Just curious: I was under the impression that savereplays, when played back, should always lead to the same result, especially if played with the "-viewonly" switch, which prevents accidental interference of user input and "taking over" of the playback from that point on.
Now I see a strange result that when jumping to a specific position in time *after* a specific event that I want to diagnose, the event did happen (because a specific score has been reached). Now if I jump backwards in time (or forward to a point before the event), and let the playback continue, it does not happen: The playback continues to the end, but the scoring in the game lead to different results, and in fact, even the input (which is observable with a cursor on the screen) no longer seems to match to what is displayed.
When forwarding (via the timeline), the playback remains in the wrong state (score, progress in the game), but when jumping back, it suddenly recovers to the correct state.

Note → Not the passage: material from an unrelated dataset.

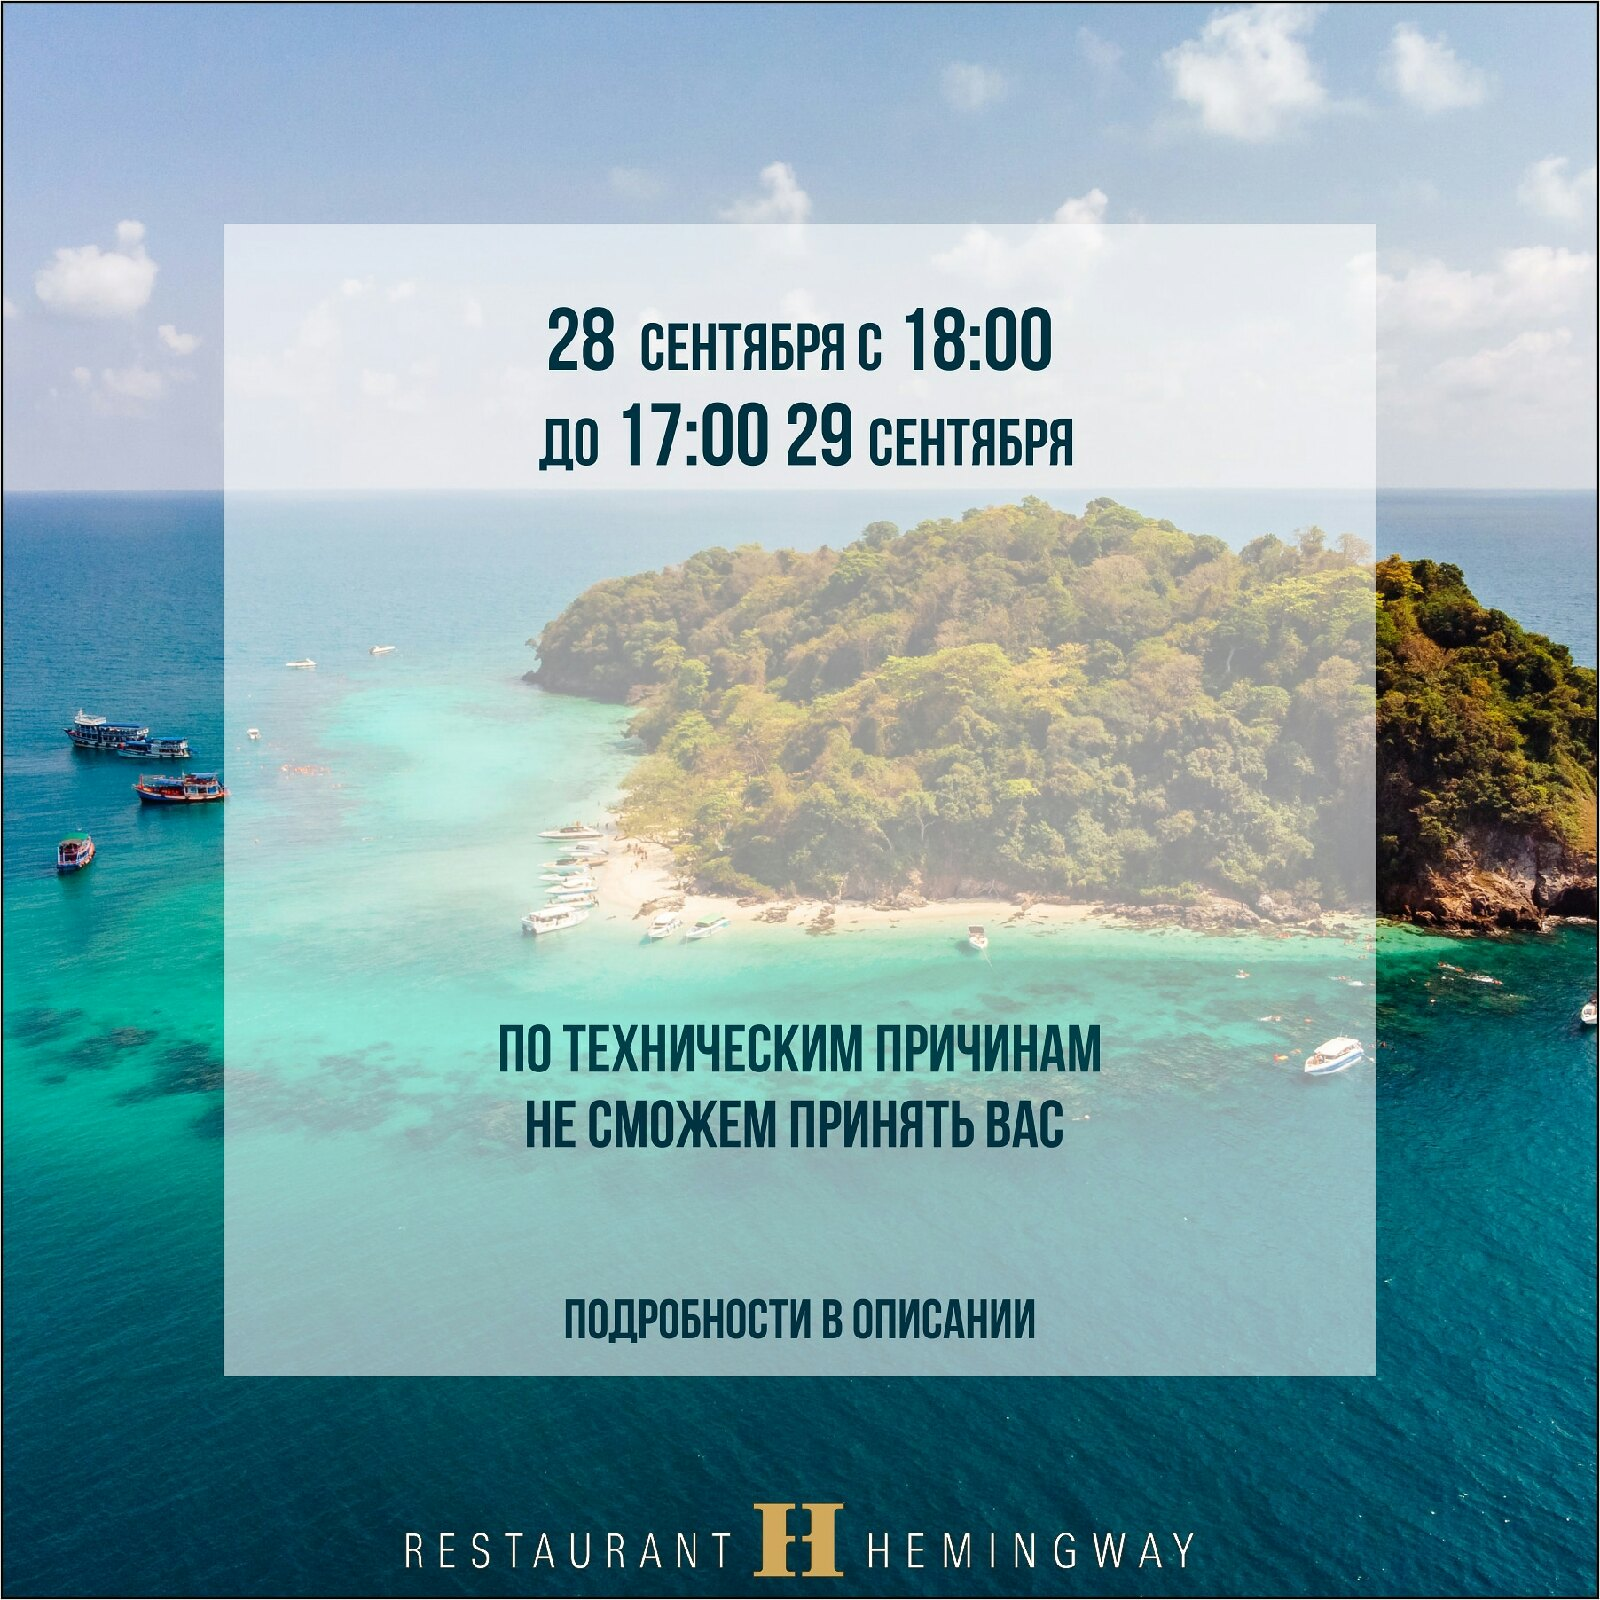 Ресторан «Hemingway» - Вконтакте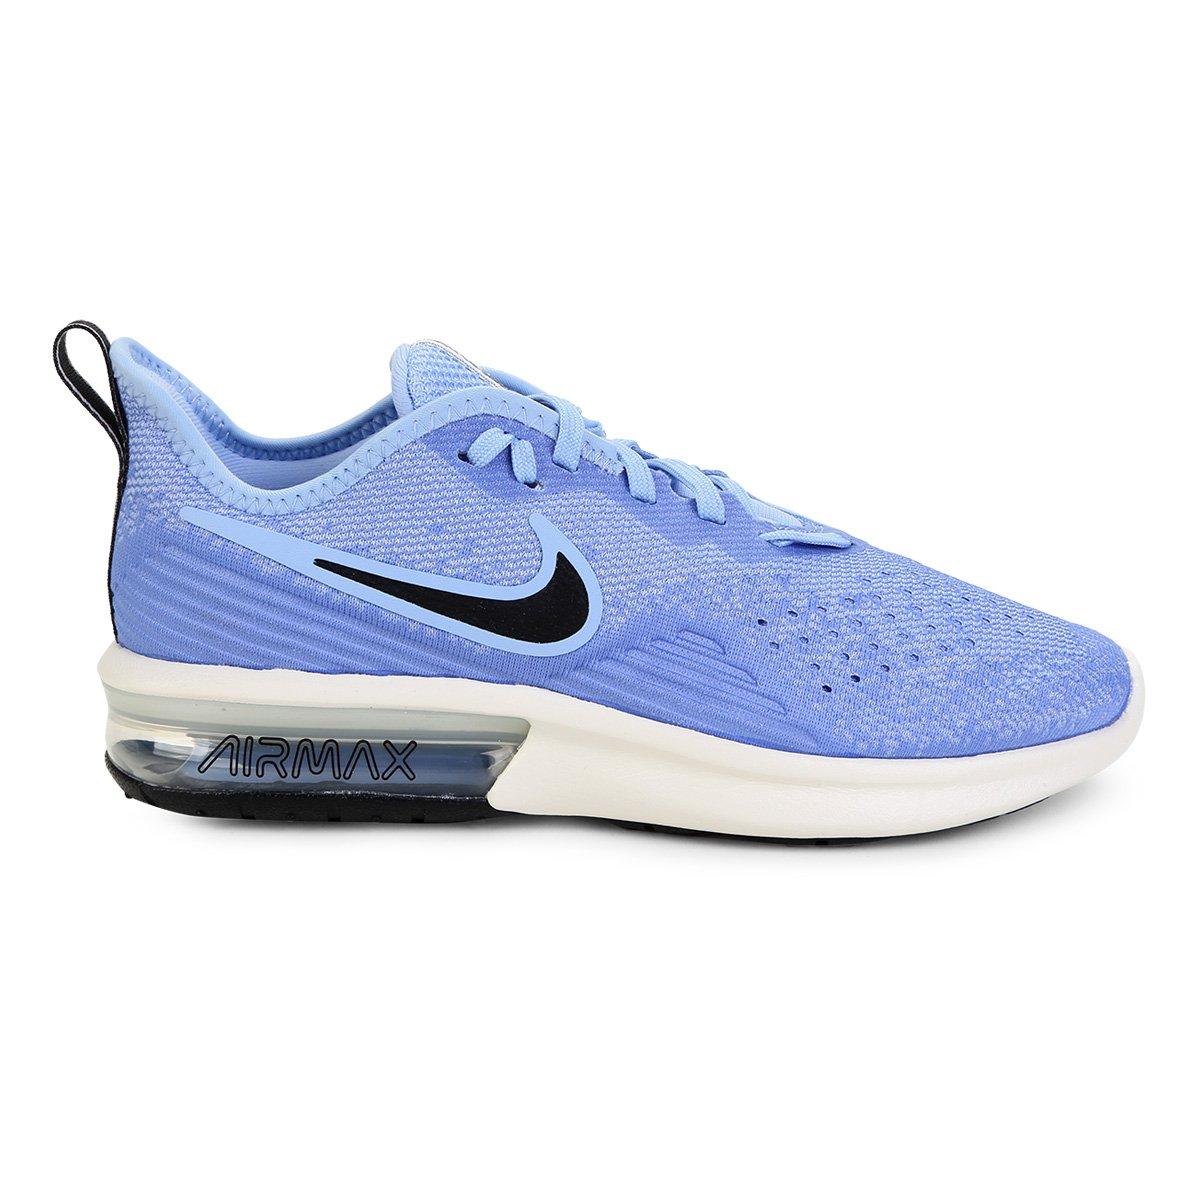 Tênis Nike Air Max Sequent 4 Feminino - Tam: 35 - 4

However, immediately from there things seem to be played back wrong again.
The replays have been saved with "reverse savereplay filename" and loaded with "reverse loadreplay -viewonly filename", and it happens almost reliably with my test application on different PCs, and is independent of whether the recording was done on the same or on another PC, and not only in the latest release (0.18), but even in the previous openMSX version, 0.17.
The test scenario is a MSX-1 game (ROM), and other than playing back PSG music, there are no exotic things or hardware used in the emulation, just a plain MSX 1 with no extensions other than the debugdevice. The effect is also reproducible with that game on different MSX types (e.g. MSX-2).
It's a megarom, ~ 300 KB, and other than the notification "The size of this ROM image is larger than 256kB, which is not supported on real Konami mapper chips!", there are no messages in the status info of openMSX.
However, it is not easy to create a reproducible isolated environment in terms of writing a simple program (simple in terms of lines-of-code) to demonstrate the effect - I just couldn't make it happen in a simple scenario.
I know that this is impossible to diagnose without a working example, but before going to that length, my question is if this an already known issue under certain circumstances or even an expected behavior.